UAE | Education

Two Indian schools in Abu Dhabi to add 1,400 seats

Education council addresses shortage of seats in Indian schools in the capital

  • By Binsal Abdul Kader, Staff Reporter
  • Published: 00:00 March 8, 2012
  • Gulf News

M.K Lokesh, Indian Ambassador to the UAE
  • Image Credit: Gulf News Archives
  • The embassy and Indian community are indebted to Dr Al Khaili and Adec for these prompt actions to address this issue, says M.K Lokesh, Indian Ambassador to the UAE.

Abu Dhabi: Two Indian Schools in Abu Dhabi have got approval to add about 1,400 seats in the next academic year, the Indian Ambassador to the UAE said yesterday.

This will address growing concerns in the community about shortage of seats in Indian schools in the capital, M.K. Lokesh said at a press conference at the Indian Embassy.

He said he had a meeting with Dr Mugheer Khamis Al Khaili, the Director General of Abu Dhabi Education Council (Adec), who is taking great efforts to address the issue. It is heartening to see that Dr Al Khaili and Adec are taking several immediate steps to address the most important issue of the Indian community, Lokesh said.

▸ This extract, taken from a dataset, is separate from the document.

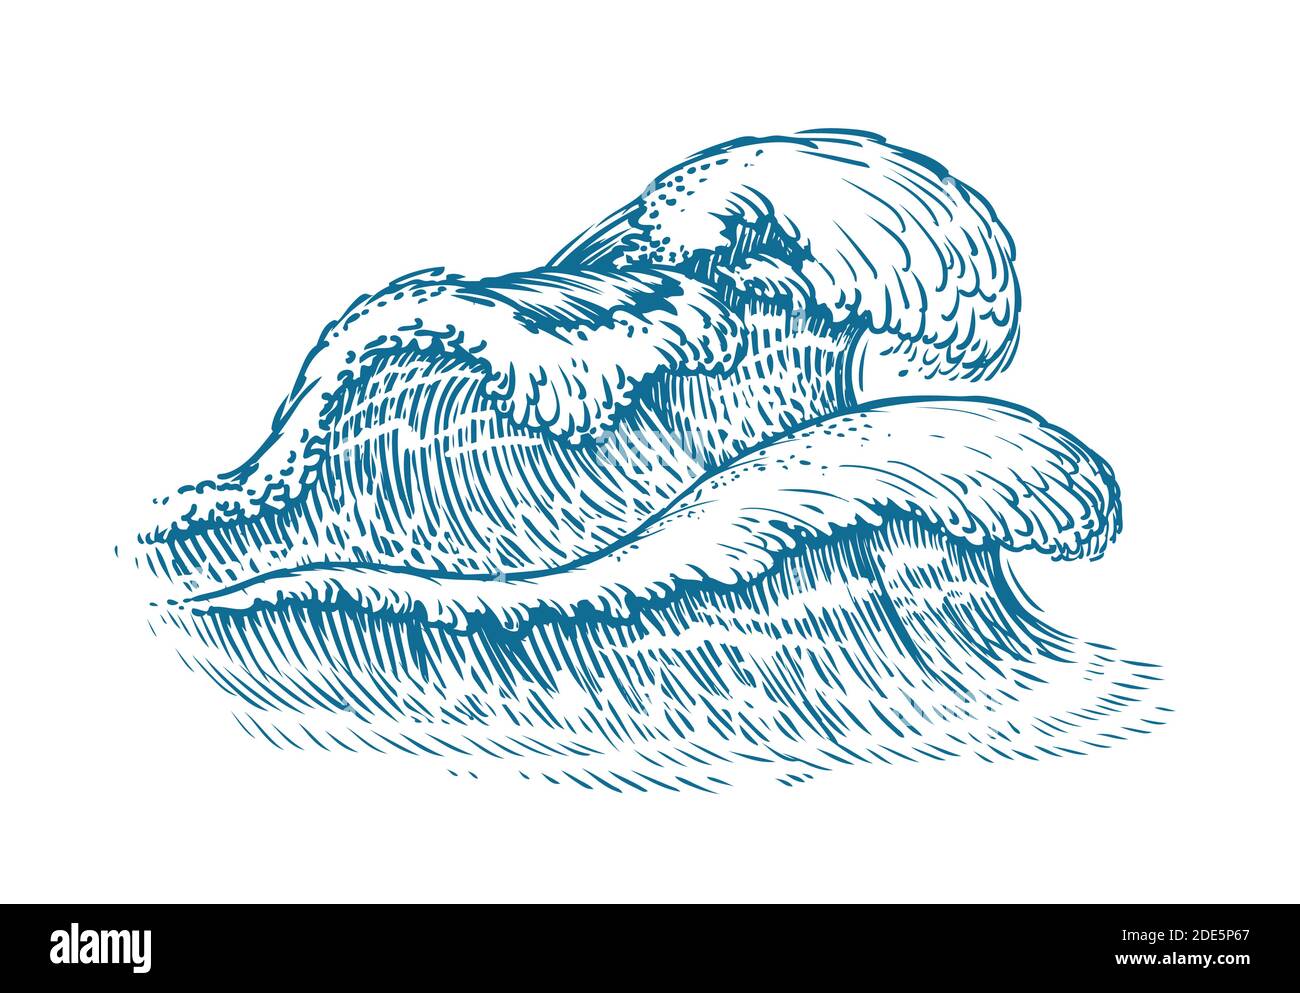 Waves sketch. Seascape vintage vector illustration Stock Vector

A new shift at Abu Dhabi Indian School (Adis), with about 900 seats, and several new divisions with 485 seats at the Model School have already been approved, he said.

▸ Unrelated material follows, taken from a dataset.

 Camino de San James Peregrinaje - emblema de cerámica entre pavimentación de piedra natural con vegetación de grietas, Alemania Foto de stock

Apart from this, Adec has asked several other Indian schools to report the availability of space to add more seats, the ambassador said.

He said Adec is also considering the applications from several Indian school managements to start new schools. "The embassy and Indian community are indebted to Dr Al Khaili and Adec for these prompt actions to address this issue," Lokesh said.

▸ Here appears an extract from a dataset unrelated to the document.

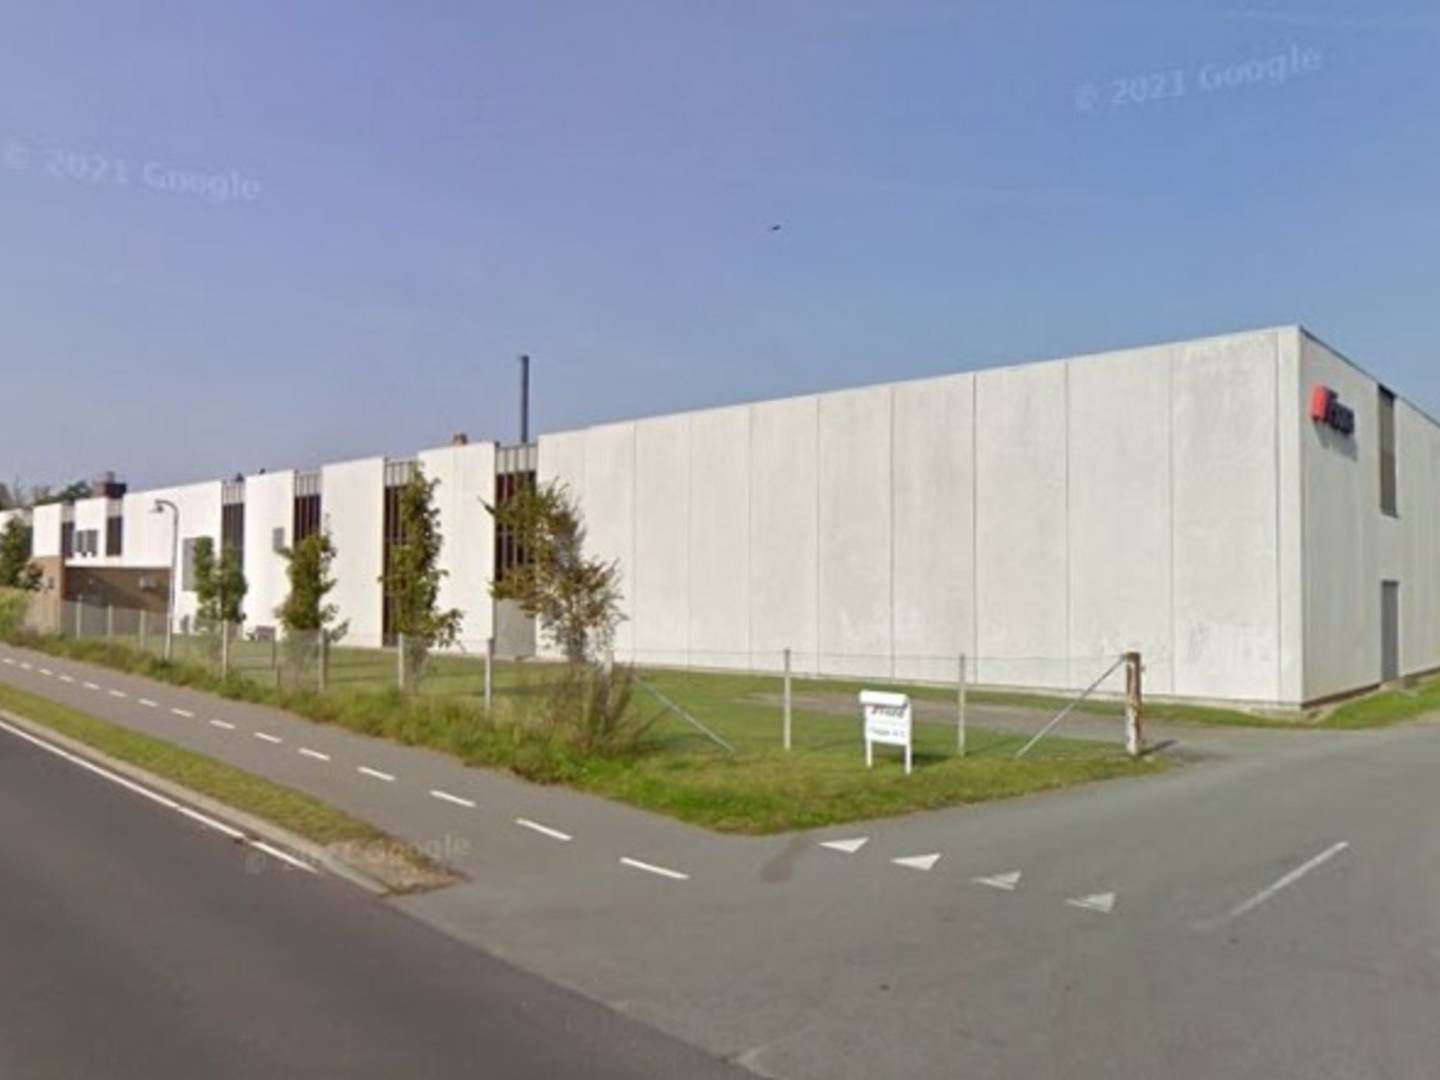 K3 Ejendomme købte den tidligere tapetfabrik i 2019 for 5,5 mio. kr. | Foto: Google

Asked about the required number of seats to address the shortage, he told Gulf News that an exact figure was not available.

"School principals said there were about 4,000 applications for 900 vacant seats. Considering the possible duplication of applications [one child applying at more than one school], an exact number of required seats cannot be made," he explained.

Adec was not immediately available for comments yesterday.

Four-hour shifts

Abu Dhabi Indian School (Adis) told Gulf News that its newly-approved shift with more than 900 seats are for KG 1 (Kindergarten), KG 2 and Grade 1.

"The shifts will be four hours each in the morning and evening, and we are working out the timing," said B.R. Shetty, chairman of the school governing body.

The Model School in Mussaffah said its newly-approved 485 seats will be in new divisions of KG 1 to grade 12. The school already had new classrooms and the additional seats will be given to those who had already registered and are on the waiting list, said Dr V.V Abdul Kader, principal of the school.

The school, with about 4236 pupils, is already working under two shifts- 7am to 12.15pm and 12.20pm to 5.35pm, he said. Total strength will go up to 4735 next academic year.

"There were 1200 applications for 400 KG 1 seats," the principal said.

New schools planned

Considering the prompt steps taken by the Abu Dhabi Education Council (Adec) to address the shortage of seats in Indian schools, Abu Dhabi Indian School (Adis) is expecting the approval for its proposal to build a new school with 4,000 seats from KG 1 to grade 12, B.R. Shetty, chairman of the school said.

"The children who get admission in newly-approved 900 seats in Adis will not need to worry when they grow up," he said.

He said he had already started an Indian school in Madinat Zayed in the Western Region at a disused government school given by the Adec.

ICK, a kindergarten owned by Shetty, with 600 pupils has also applied for a new school with 4,000 seats from KG 1 to KG 12, he said.

"We are grateful to Dr Al Khaili of the Adec for their support to the Indian community. In a recent meeting Dr Al Khaili said the UAE is thankful to the contributions of the Indian community; not only at present but in the pre-oil era," Shetty explained.

The Indian Ambassador said some private Indian managements like DPS (Delhi Public School) have also applied for new schools in Abu Dhabi.